Hay algunas actitudes personales ante la vida, que no son precisamente favorables a la hora de conseguir y mantener un peso correcto. Se gestan básicamente en nuestros años de crecimiento, por necesidad de acomodación a determinadas circunstancias que nos toca vivir, por observación de nuestros mayores, por influencia de la sociedad a la que pertenecemos, etc.
Junto con las características biológicas, y entrelazándose casi siempre con otras causas psicológicas más profundas, favorecen que muchas personas ni siquiera intenten ponerse a régimen.
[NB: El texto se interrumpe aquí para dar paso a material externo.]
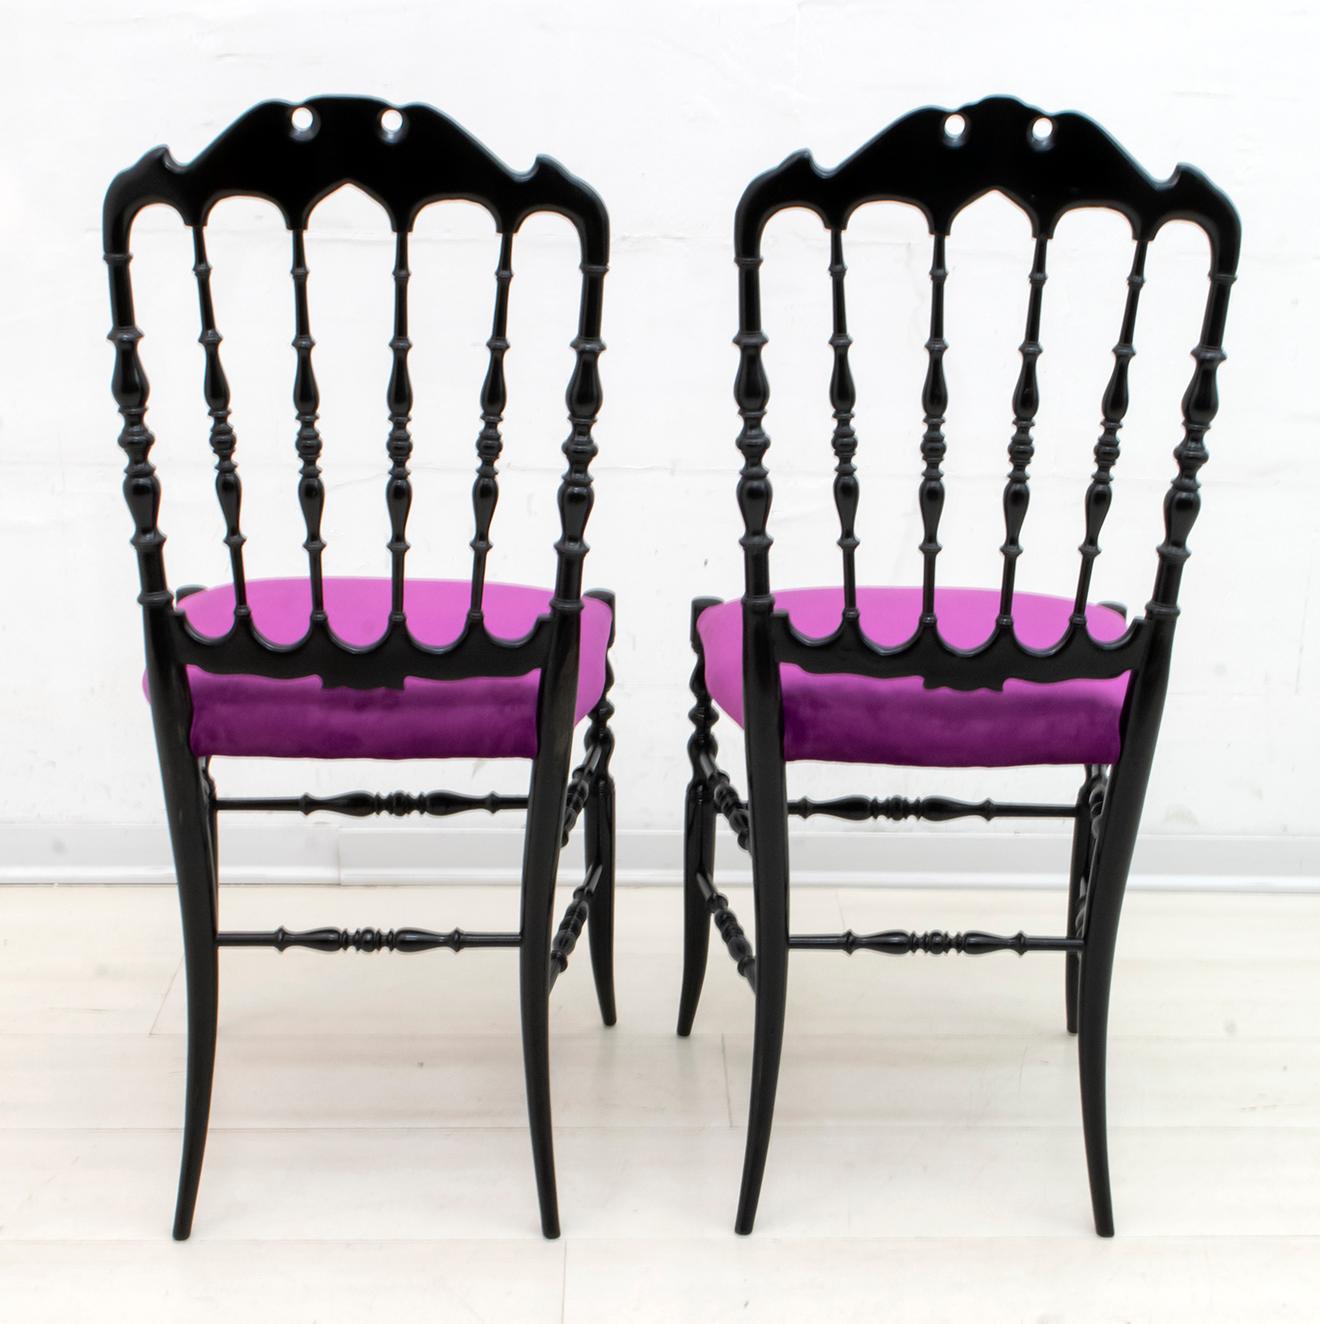 Pair of Giuseppe Gaetano Descalzi Midcentury Italian Chiavari Chairs, 1950s For Sale 3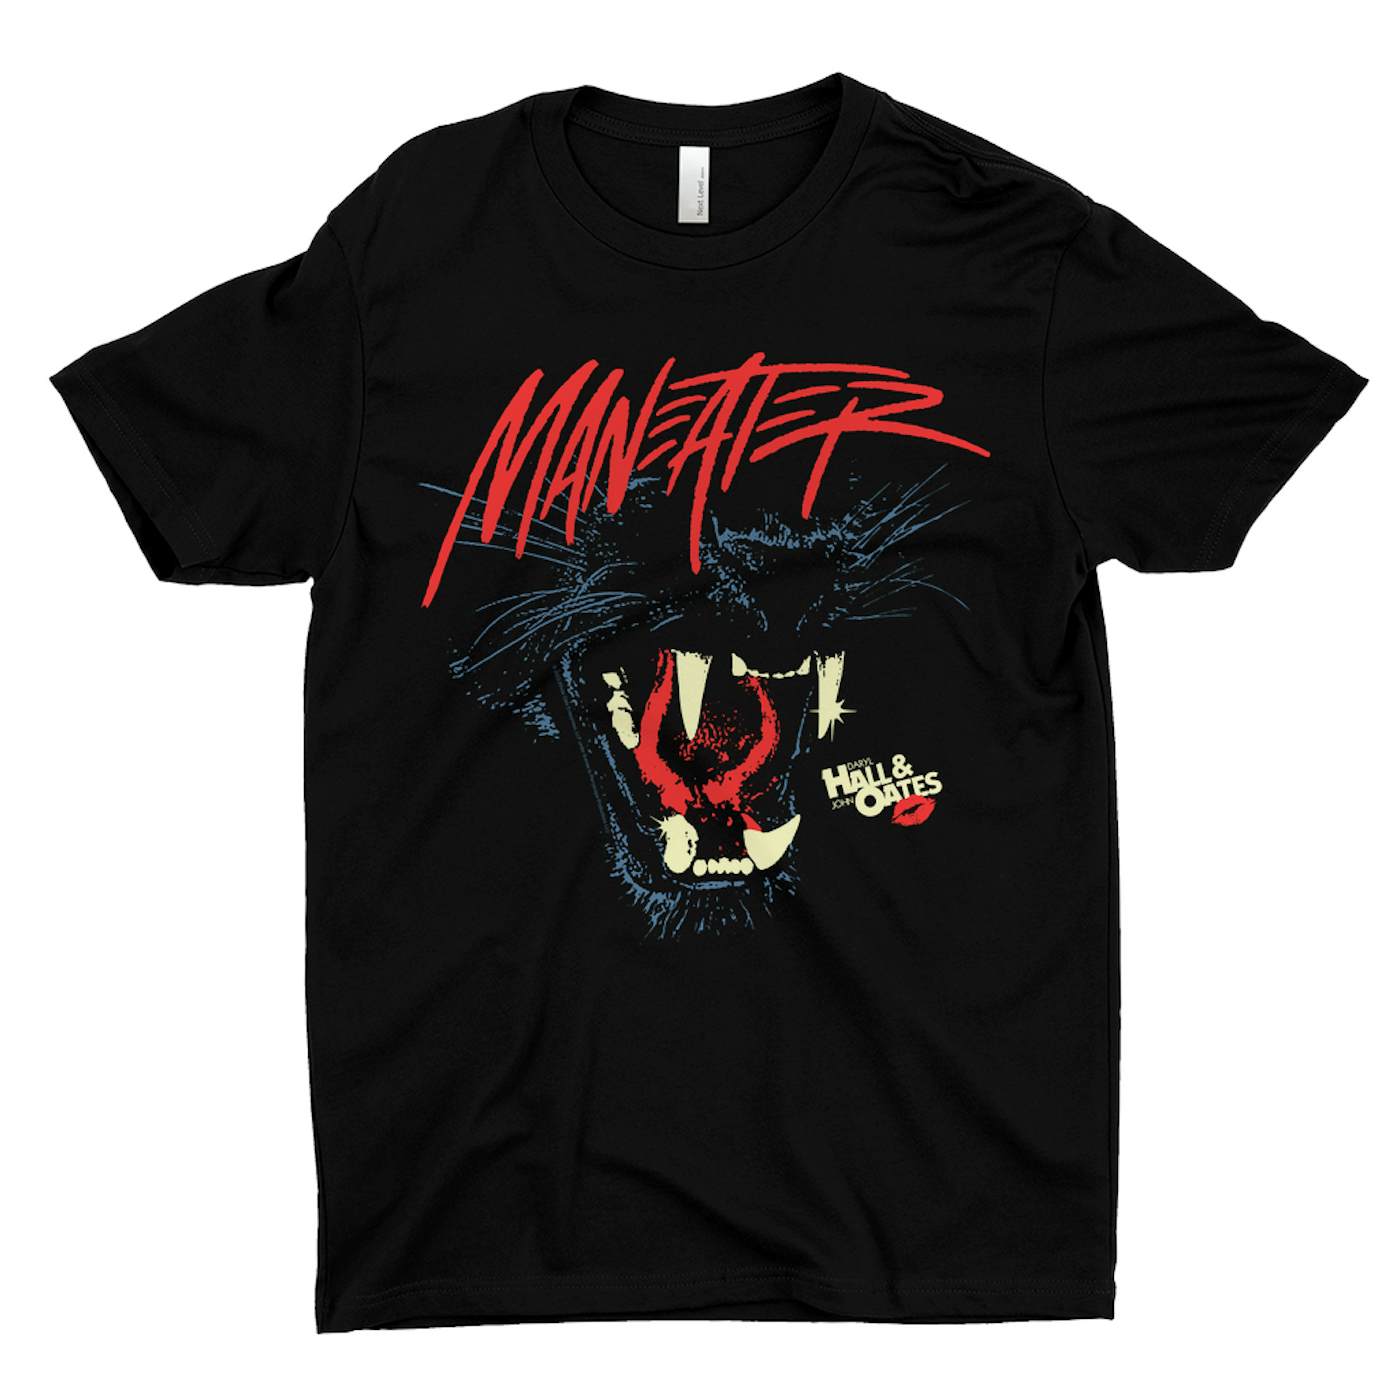 Daryl Hall & John Oates T-Shirt | Maneater Hall & Oates Shirt

Algunas de estas actitudes son sumamente personales. Quiero decir que se dan únicamente en una determinada persona, o en un número muy reducido de individuos. Otras, aunque minoritarias, pueden encontrarse en un subgrupo numéricamente importante. Veamos algunas de ellas.
TODO O NADA
Dentro de la categoría de causa menor de obesidad, o lo que es parecido, de dificultad para mantener un peso correcto, está lo que podríamos llamar mecanismo de “Todo o Nada”.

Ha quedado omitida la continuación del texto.